Monday, January 1, 2018

Let's Act Now to Preserve Our Health Care




Our Health Care is at Risk in 2018


2018 is going to bring big risks in health care for all of us because the radical rightists in Congress want to cut or eliminate programs that we all depend on at some point in our lives. The radical rightists have deliberately created a crisis in the funding for Medicare and Medicaid by passing a tax cut primarily for the very rich. The tax cut will reduce the government’s revenue, and the radical rightists will use that reduction to claim that we cannot afford the programs on which we depend. 

We Must Provide Health Care for All Americans


The truth is that we can afford these programs, and, as claimed in a recent letter to the Post Crescent, we have a moral responsibility to provide health care for all Americans in a sustainable way.  Moreover, we should do so not merely from of a sense of charity but because, if we do not do so, most of us will soon be unable to afford the health care that we need.

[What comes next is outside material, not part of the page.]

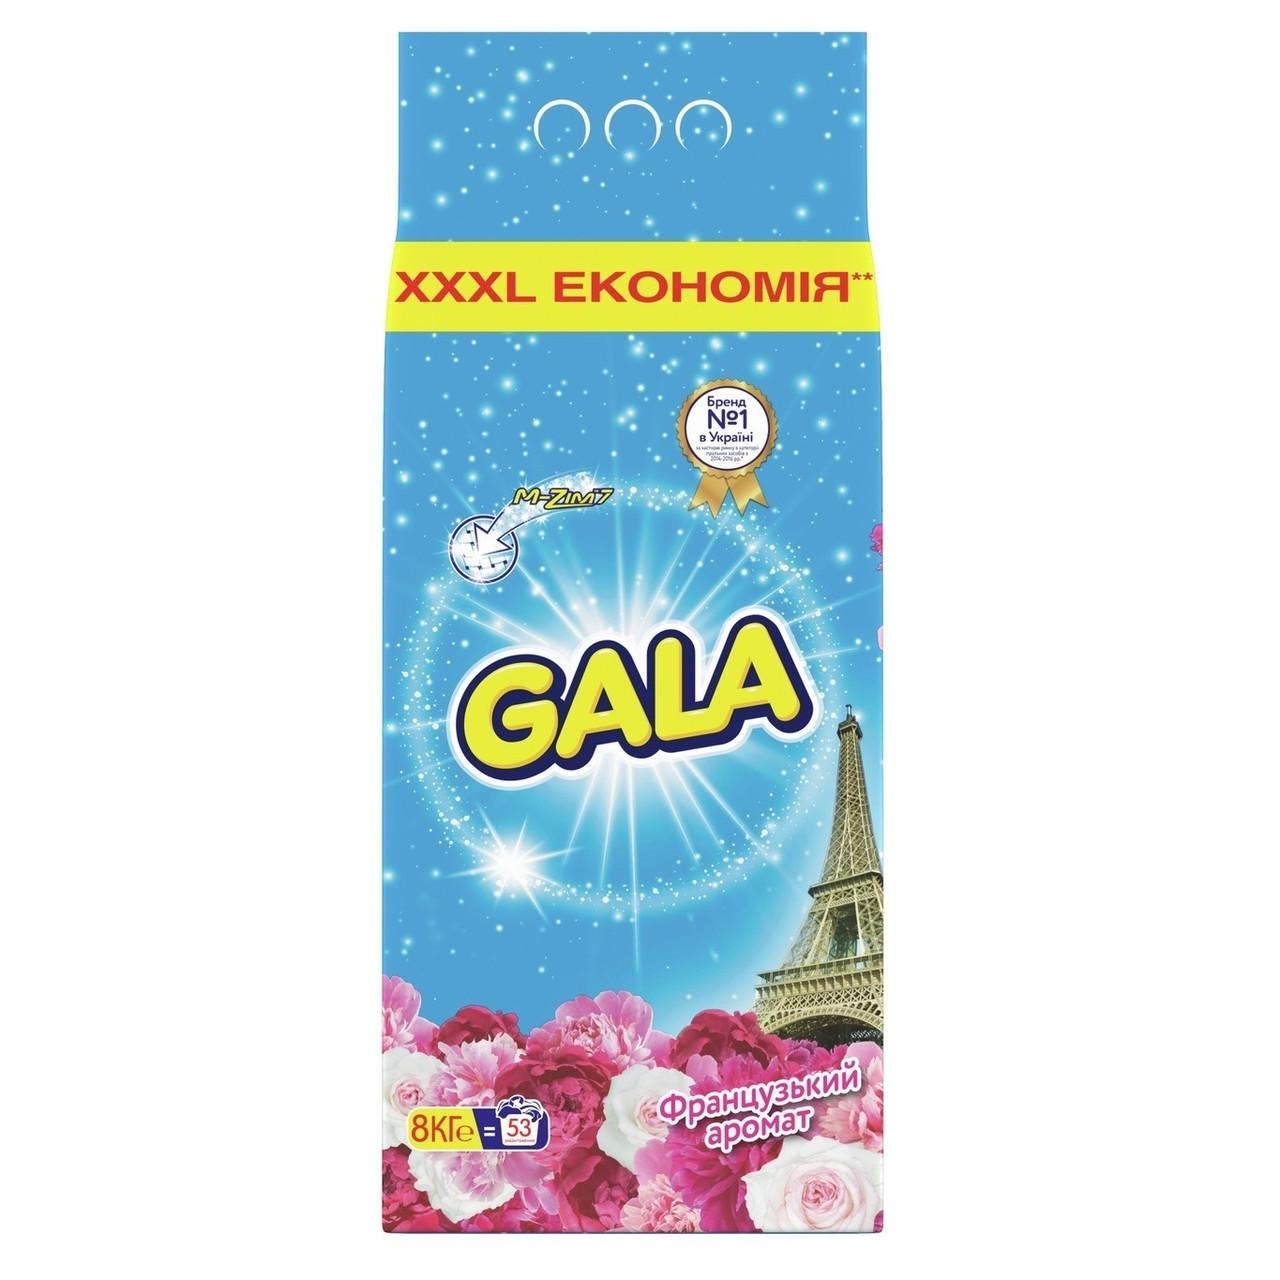 Порошок стиральный Gala 8кг автомат
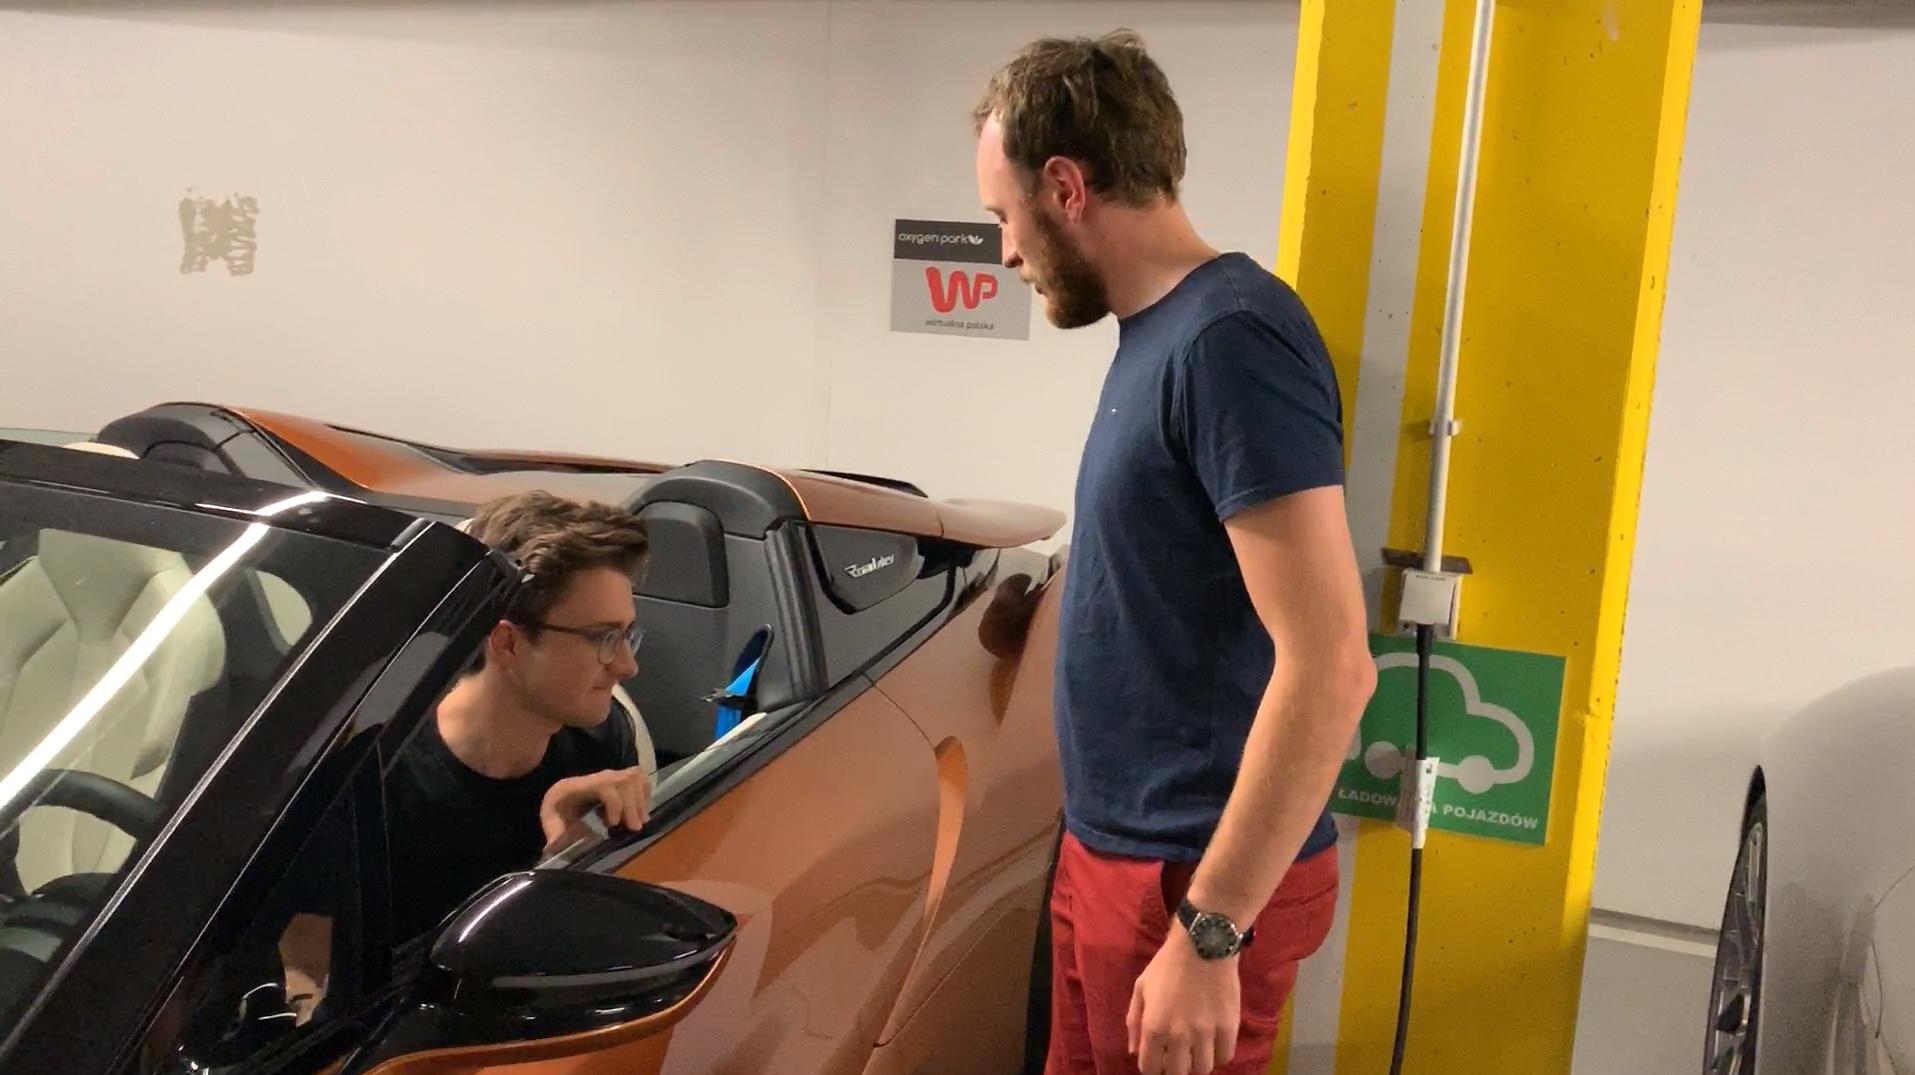 Otwieranie drzwi w BMW i8. Wygląda świetnie, ale łatwo nie jest

Health Care Will Soon Be Unaffordable for Most Americans


“Wait a minute,” you may say. “Most Americans don’t depend on Medicare or Medicaid. Most Americans receive health insurance through their jobs, and they are not in danger of losing it.” That is true, but each year, the insurance costs more and covers less.  The employee’s share of the cost of health insurance is growing, and so are deductibles and co-pays. We have not yet reached a crisis point in employer-sponsored health insurance, but there is little doubt that we will reach a crisis soon. Health care is already unaffordable in the unsubsidized individual market, and cuts in Medicare may well come this year. Soon, health care will also be unaffordable for most Americans.

We Must Act Together


This is unacceptable, and we can do something about it. However, if we are to succeed, we must act as a community and not just as a scatter of individuals because the rising cost of health care has causes in the structure of health care delivery that an individual cannot address. No individual has the market power to bargain effectively with big insurance companies or monopolistic health care providers.  So, we must work together either through government programs or through cooperative action because if we do not, most of us will risk joining the hundreds of thousands of Americans who declare bankruptcy every year because they cannot pay for the health care that they receive.

In short, providing health care for all of us in a sustainable way is not a matter of charity. It is a matter of survival.

We Can Work in Our State and in Our Community


National action to make health care affordable for all Americans will not come soon because the radical rightists in Congress are uninterested in the well-being of the American people. However, in Wisconsin, there are currently two proposals to deal with the crisis in the affordability of health care. The first, proposed by Rep. Genrich of Green Bay is called “Badgercare-as-a-Public-Option,” (BPO) and it calls for making Badgercare available for purchase on Wisconsin’s health care exchanges. Under this proposal, an individual who would not be eligible to receive Badgercare for free would be allowed to buy into the program to provide health insurance for his/her family. The cost would be lower than the cost of insurance in the private market because Badgercare is big enough to negotiate lower rate with health care providers.

The second proposal, which comes from Fox Valley Health Care, would have the residents of the Fox Valley form a cooperative to bargain with health care providers to obtain health care locally at a reasonable cost. The cooperative would begin as a coalition of local governments that would join together to provide health care for their employees at a reasonable cost. It would be able to do so because, like Badgercare, the cooperative would be large enough to bargain with the health care providers.  Once the cooperative was up and running, it would be opened to individuals as a way to provide affordable health insurance for themselves and their families.

The advantages of BPO are that it brings the resources of the state to bear on the problem, and it addresses the needs of the whole state. However, BPO will be difficult to enact in a legislature dominated by Republicans, and in addition, it only addresses the problem of providing affordable coverage. It does not address the cost of health care directly, and if the cost is not addressed, BPO may become unsustainable. However, Badgercare has the bargaining power to force cost reductions in the future if the state has the political will to do so.

The advantages of a local health care cooperative are that it does not require legislative action and that it addresses the cost problem directly.  The disadvantages of a local cooperative are that it addresses the problem only in the Fox Valley and that it depends entirely on local resources. 

Let’s Get to Work!


Fortunately, the two ideas are not incompatible. We can support BPO at the state level while working to form a cooperative here in the Fox Valley. We should support both of these initiatives as strongly as we can because our healthcare is at risk in 2018. What are we waiting for?